Conclusion: an empty bridge becomes not usable. (By the way, running the pci bridge with shpc=on will work as before)

I am not sure if we should do something about it. It follows the spec, even is is different from what worked until now.

If libvirt never allocates an empty bridge, we are OK.
Laine, can you please tell us is libvirt allows creation of empty bridges?

Thanks,
Marcel

Comment 7 Marcel Apfelbaum 2017-05-08 11:44:17 UTC
*** Bug 1442371 has been marked as a duplicate of this bug. ***

Comment 8 Laine Stump 2017-05-08 15:38:01 UTC
Yes, libvirt of course will create an empty bridge if a user explicitly requests it.

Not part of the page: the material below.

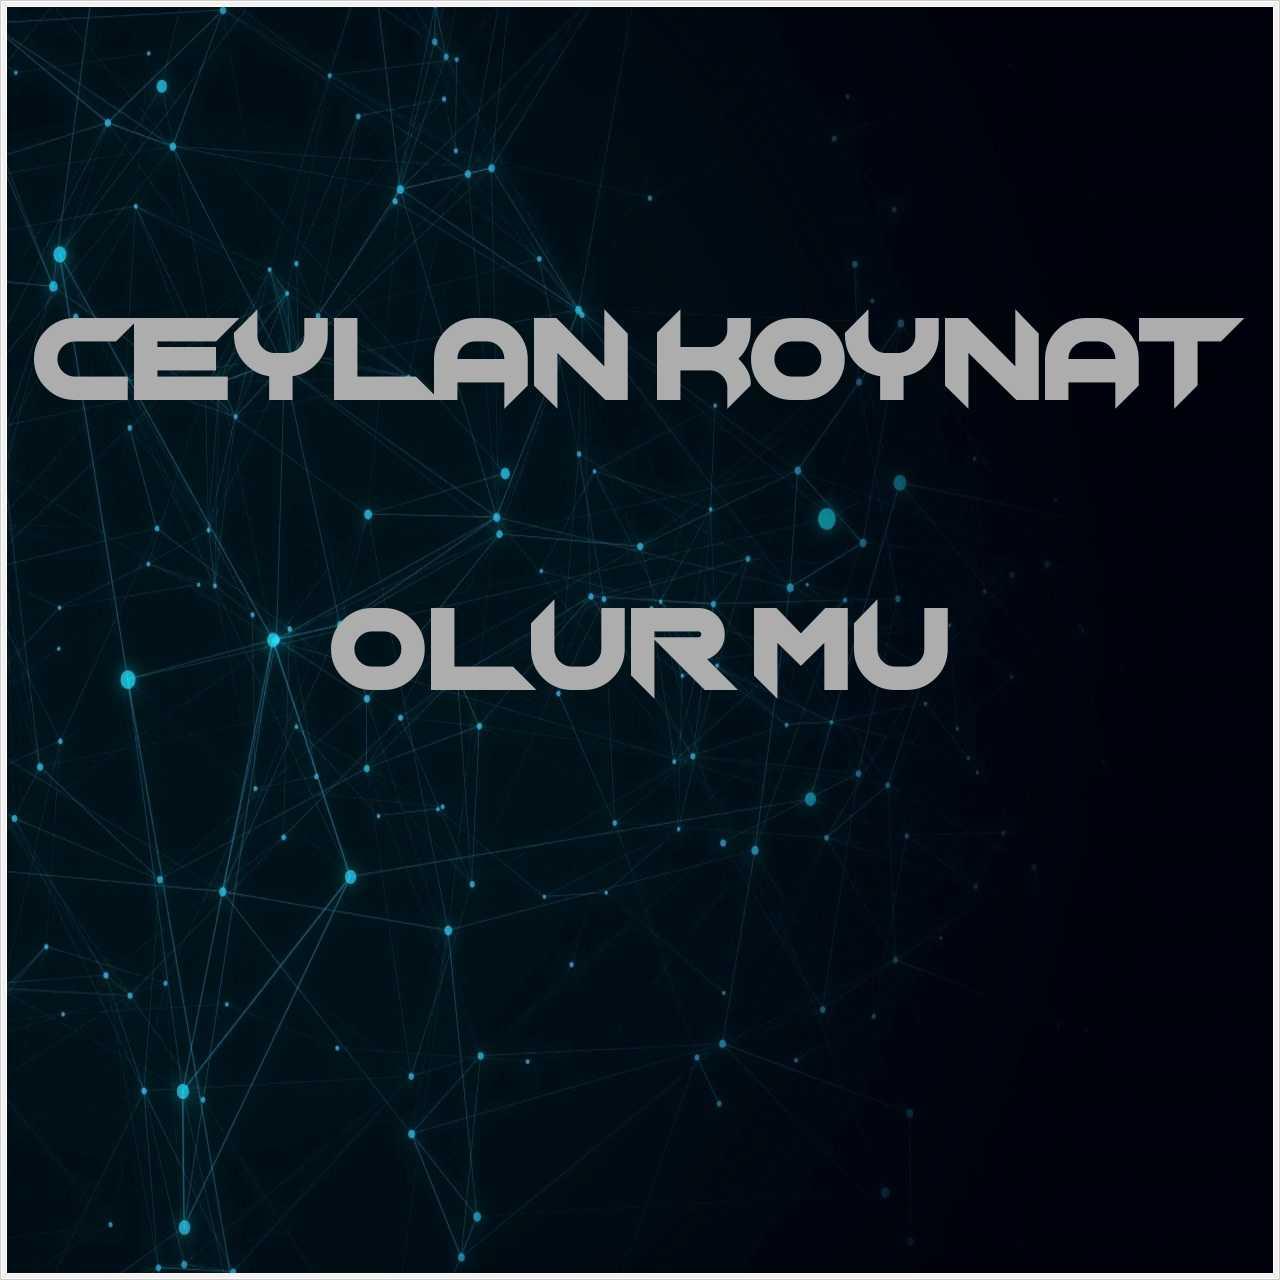 دانلود آهنگ جدید Ceylan Koynat به نام Olur mu

This would be done if someone planned to hotplug "many" devices.

I don't think it's a good idea to prevent such a configuration.

(I still don't see why everyone is so uptight about making slot 0 usable for regular devices - sure it's giving a theoretical 1/32 improvement in PCI density, but libvirt will never use slot 0 of a pci-bridge anyway (for historical / backward compatibility reasons) so in practice we're gaining nothing.)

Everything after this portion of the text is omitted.